(Sobre o processo do espetáculo NA SELVA DAS CIDADES, de Bertold Brecht, dirigido por Aderbal Freire-Filho
Por Diogo Liberano, diretor artístico do Teatro Inominável)
São 15h45. Estou sentado numa mesa, aqui no café da Escola de Artes Visuais do Parque Lage. Ao meu redor, pais, mães, crianças, artistas e uma galera movendo este acontecimento chamado TEMPO_FESTIVAL das Artes.
Acabo de sair do auditório, onde desde 14h estava acontecendo a apresentação do processo deste espetáculo de Brecht dirigido por Aderbal. Que delicioso foi acompanhar toda a discussão, a apresentação de Aderbal e cada uma das presenças, dos atores aos integrantes da equipe de criação. O espetáculo, projeto do ator Marcelo Olinto, estreia nesta quarta-feira, dia 10 de agosto, no Espaço II do Centro Cultural Banco do Brasil, aqui no Rio de Janeiro.
Eu sempre me pergunto o porquê de montar certos textos escritos noutras épocas. Eu me fiz essa mesma pergunta logo que me sentei à cadeira para assistir ao processo. Eu não sabia do que se tratava o texto de Brecht, apesar de intuir que sua construção se fizesse por meio de um forte embate. Eis que pelas primeiras palavras de Aderbal eu encontrei aquilo que precisava: ele nos falou do embate, do “boxe”, de dois adversários, de um capitalista e um idealista.

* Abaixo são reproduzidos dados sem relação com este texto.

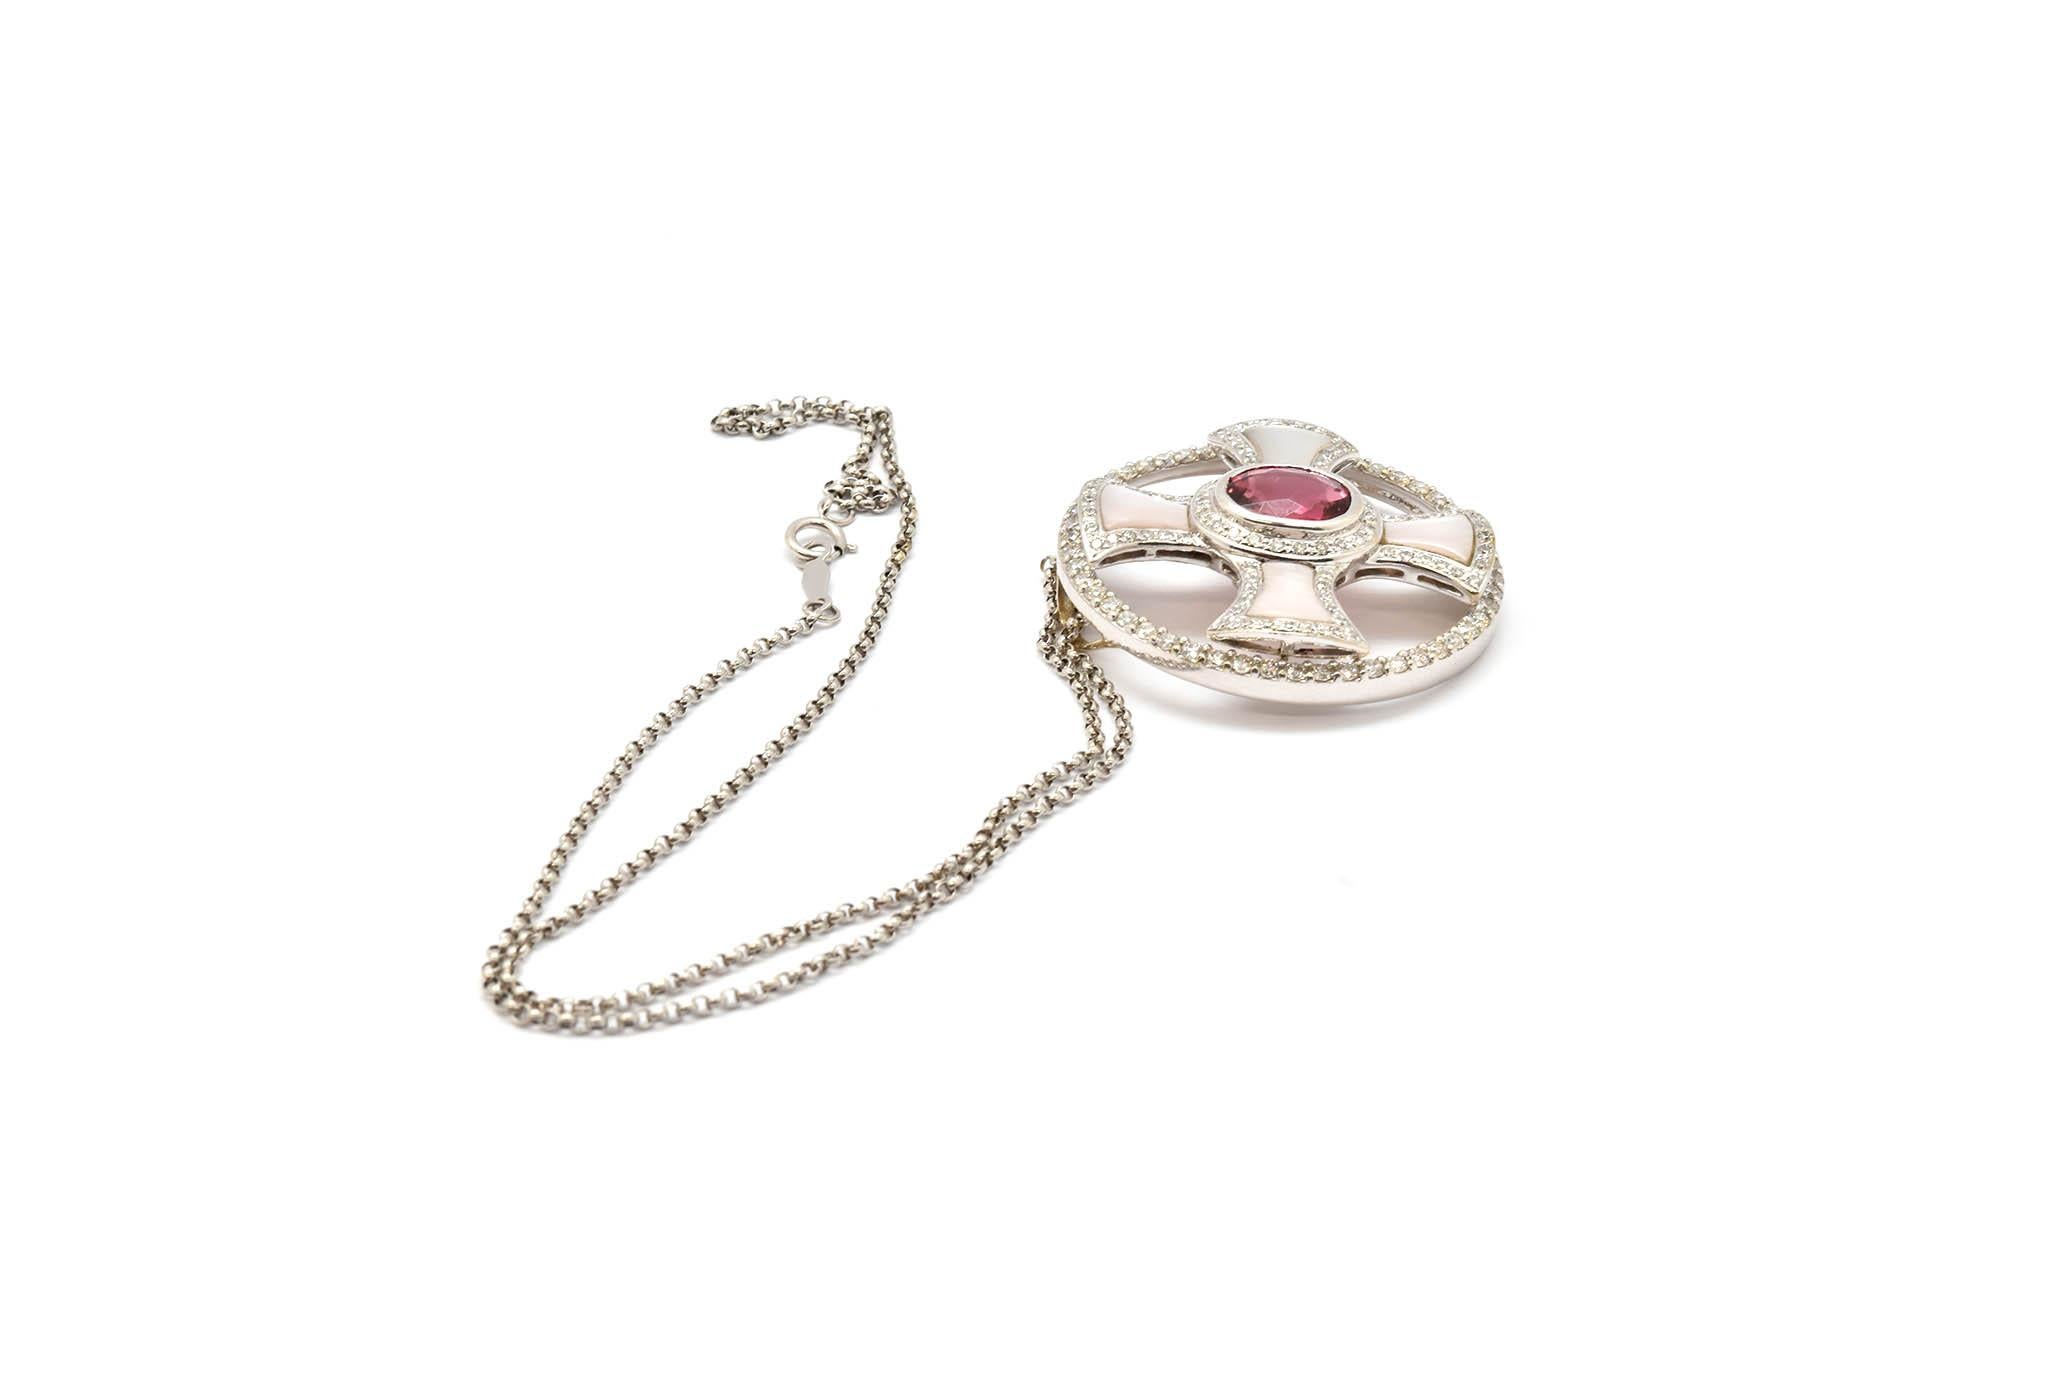 Contemporary Custom 14 Karat White Gold Diamond, Pink Tourmaline and Mother-of-Pearl Necklace For Sale

Foi então que rapidamente o texto escrito na juventude de Brecht voltou com alguma força digna de nossos tempos. Suas questões, reveladas em apenas uma das cenas que foi apresentada ali na nossa frente, deram espessura a este tempo corrente: o que é ser idealista em épocas como a nossa? Em épocas nas quais a experiência do capital avassala a tudo (incluindo a si própria), como seguir adiante?
Não sei o que virá. Nunca li esta peça de Brecht. Saio deste processo ansioso para assistir ao espetáculo. Saio renovado pela importância de promover o embate, enquanto artista, com meu próprio tempo. O embate faz todo o sentido (mesmo não fazendo). Parte de uma necessidade suprema em acreditar num ideal contrário ao ideal-corrente. Não quer dizer ser contra-capitalista. Quer dizer ser contra, justamente para saldar, com maior intensidade, a corrente.
Ressalto a proposta do cenário (mostrada num televisor enquanto o debate acontecia), composta por um imenso outdoor ao fundo da cena. Destaco também a trilha sonora do espetáculo, em sua maior parte executada pelos atores como “percussão” das cenas. Ouvi sons de artilharia. Do suave ao mais grave, a música neste Brecht parece mais aproximar do que distanciar. Tudo bem. Aos atores resta a terrível façanha de moldar em tipos, o espírito de uma época. Os embates de um tempo. Para que nós, espectadores, possamos tramar algum sentido (ou não) para o seu drama.
É revivendo o embate de Brecht, de sua juventude, que nos aproximamos e que adensamos ainda mais nossas questões. Foi um prazer compartilhar cerca de noventa minutos frente a frente com este determinante encenador e artista brasileiro.